David, was not someone that men would pick out to be king when he was a young shepherd boy, but God did. Men choose someone with obvious talents like king Saul, or even David's brothers. Samuel was nearly taken in by them (1 Samuel 16:6), but God told Samuel that God's criterion is the attitude of heart (1 Samuel 16:7). David knew God, he knew the power of God to deliver him (1 Samuel 17:34-37), he had set his heart to seek the LORD, and what God could do. God said of him "Here is a man after my own heart" (1 Samuel 13:14). God gave David promises concerning his seed (2 Samuel 7:12- 15): although these words had some application to his immediate descendants, they obtained their real fulfilment in Christ (this is true even of 2 Samuel 7:14: Christ bore the stripes of men on our behalf).

Supremely, Christ is the One whom God has chosen because He pleased Him: "This is my Beloved Son, with whom I was well pleased" (Luke 3:22, literal translation). He was the one who was the expected "seed" (Galatians 3:16), introduced to us at the start of the New Testament as the Son of David, the Son of Abraham (Matthew 1:1). He was also the only begotten God (John 1:18), the second Adam (1 Corinthians 15:45) who would bring life. Jesus could give life only because He pleased God with His testimony: "I always do the things that please him" (John 8:29).  

Thus we see that when God chooses particular men there is nothing arbitrary about the choice. If the choice had been arbitrary salvation would be a lottery, with God "playing dice" and saying, "I will have this one and that one, but not this one". It would be then very difficult to see how God could be said to be just, or how under those conditions man could be held responsible for his actions. Moreover what room would there be for the expression of our love?  

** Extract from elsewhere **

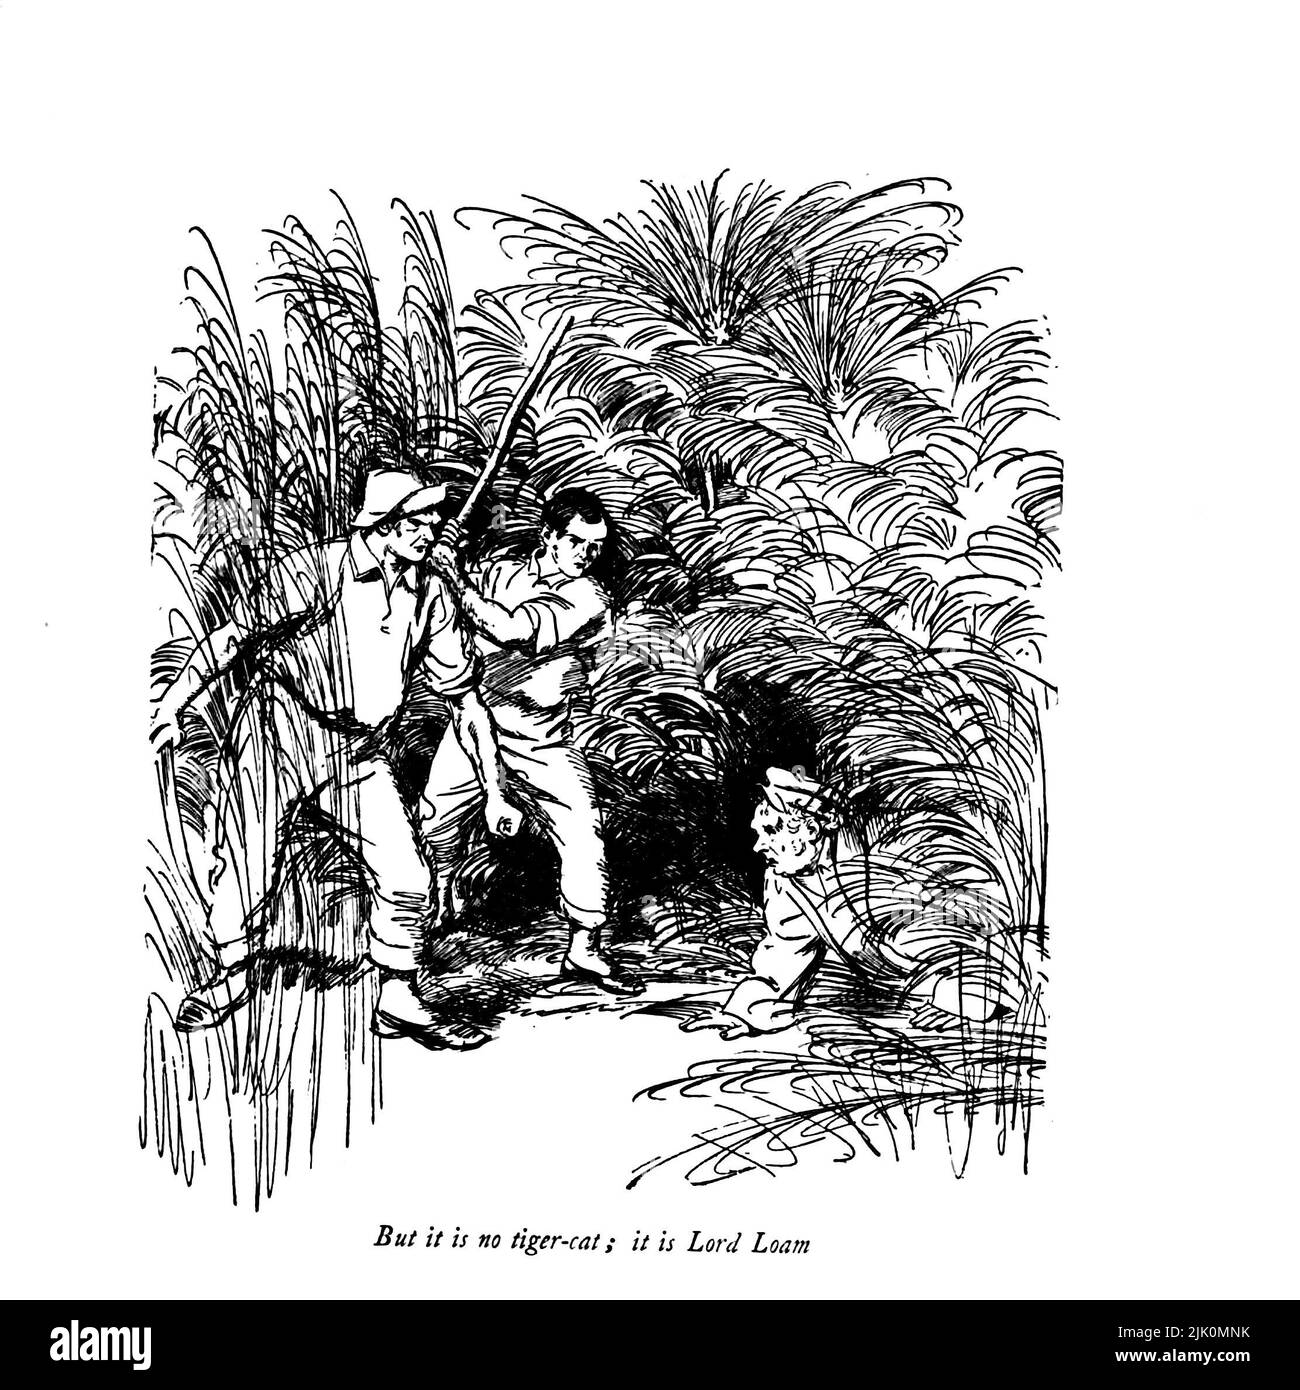 Aber es ist keine Tiger-Katze, es ist Lord Loam der bewunderungswürdige Crichton ist ein Comic-Theaterstück, das 1902 von J. M. Barrie geschrieben wurde. Illustriert von Hugh Thomson RI (1. Juni 1860 – 7. Mai 1920) war ein irischer Illustrator, der in Coleraine bei Derry geboren wurde. Er ist vor allem für seine mit Stift und Tinte illustriert Werke von Autoren wie Jane Austen, Charles Dickens und J. M. Barrie bekannt. Veröffentlicht 1914 London, Hodder & Stoughton Stockfoto

Having chosen particular men for their special faith (which God accounts a virtue or righteousness) He not only blesses them, but those who are "in" them. Usually this means those who will be their natural descendants (see Hebrews 7.10), but could also include those who trusted them. Thus Noah saved his immediate family and in them everyone now living. Noah also saved his son's wives who had trusted him. Abraham's descendants were special to God, and they continue to be so (Romans 11:2). Through David's greater Son, Jesus Christ, all are blessed who will believe in Him (Ephesians 1).

God picked out men who pleased him and then gave them promises of what He would do because of their faith. This is how we are blessed by being "in Christ". God seeks to perfect a people for Himself (Romans 8:28-31), but Paul, having seen this great intention of God, had sorrow in his heart over the Jews because they had not turned to Christ (Romans 9:2 onwards).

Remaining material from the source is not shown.